The theme song to “Gumby” that accompanied the closing credits always made me cry when I was little.
. . . He can walk into any book
with his pony pal, Pokey, too.
If you’ve got a heart,
then Gumby’s a part of you.
I can’t tell you anything that happens in a single episode of Gumby, though I must’ve watched it every day for a few years. I don’t remember particularly liking the show, though I rarely missed an episode, and had a much-loved toy Pokey. I remember the profound sadness I felt whenever it ended, when those cheerful children’s voices went on about books and ponies and hearts.
I sing the song to myself now, two decades since I’ve seen an episode of Gumby, and still feel a ghost of that old sadness, familiar and immediate in my throat. He was once a little green ball of clay, just like Adam in Genesis and all that.
I wanted to be Gumby.
Gumby could walk into a book, any book. Literally. He could go into the world that existed within a book, whether jungle or pirate ship or outer space. Forget flying. Nevermind invisibility. Gumby’s is the super power I would choose, if I could pick one.
(As a child, what world would I have chosen to inhabit, if any? Zuckerman’s farm. Hands down.)

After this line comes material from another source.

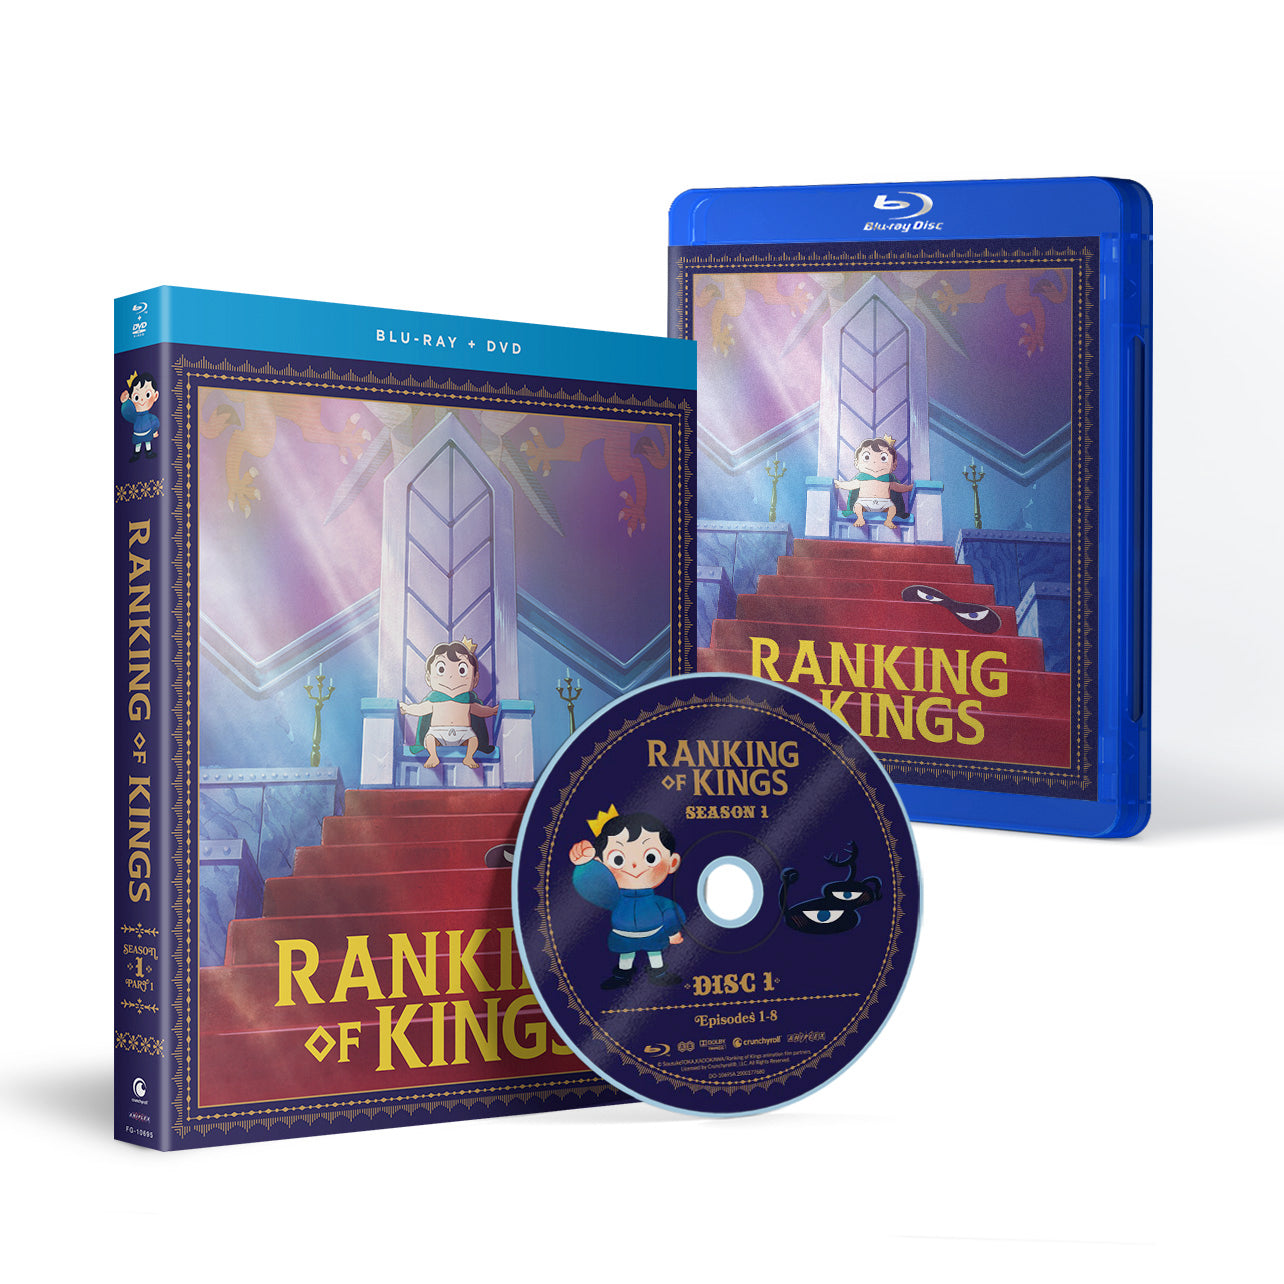 Ranking of Kings - Season 1 Part 1 - BD/DVD image count 0

If you’ve got a heart then Gumby’s a part of you. You’d think that would be a comfort to someone who so desperately desired to do what Gumby could do, but I didn’t really dig that sentiment, or that line in the song. There was something I didn’t like about Gumby, something didn’t sit right with me. Something creepy about Claymation. Something outdated.
Why was I so sad when the show was over? Something about the time of day, about what came next? This rings a bell like a warning. Better not to think about that.
Focusing instead on the feeling as it related to “Gumby.” Perhaps it was frustration. In every episode, I looked for clues. How does he do it. Gumby, how do you manage to get into those books? Literally into them? Frustration, when it’s over, that I’m no closer to an answer truth. The episode never offered me clues on how I could do what Gumby did, only these platitudes about reading books and using your imagination. Well, duh. I could do that. But it wasn’t enough. I wanted to take it to the next level.
Gumby, please, man, you gotta fill me in here. How can I do what what you do? I need tips, clues, hints, anything. Help me puzzle it out so that I, too, can escape into any exotic or mundane locale I choose, so long as I own or have access to a book about it.
How does Gumby do it? The answer I always came back to is that you have to be made out of clay for it to work, to possess Gumby’s infinite mutability, his power of transfiguration at will, which is of course something that I can’t do. Even if, as Genesis suggests, I am made of clay.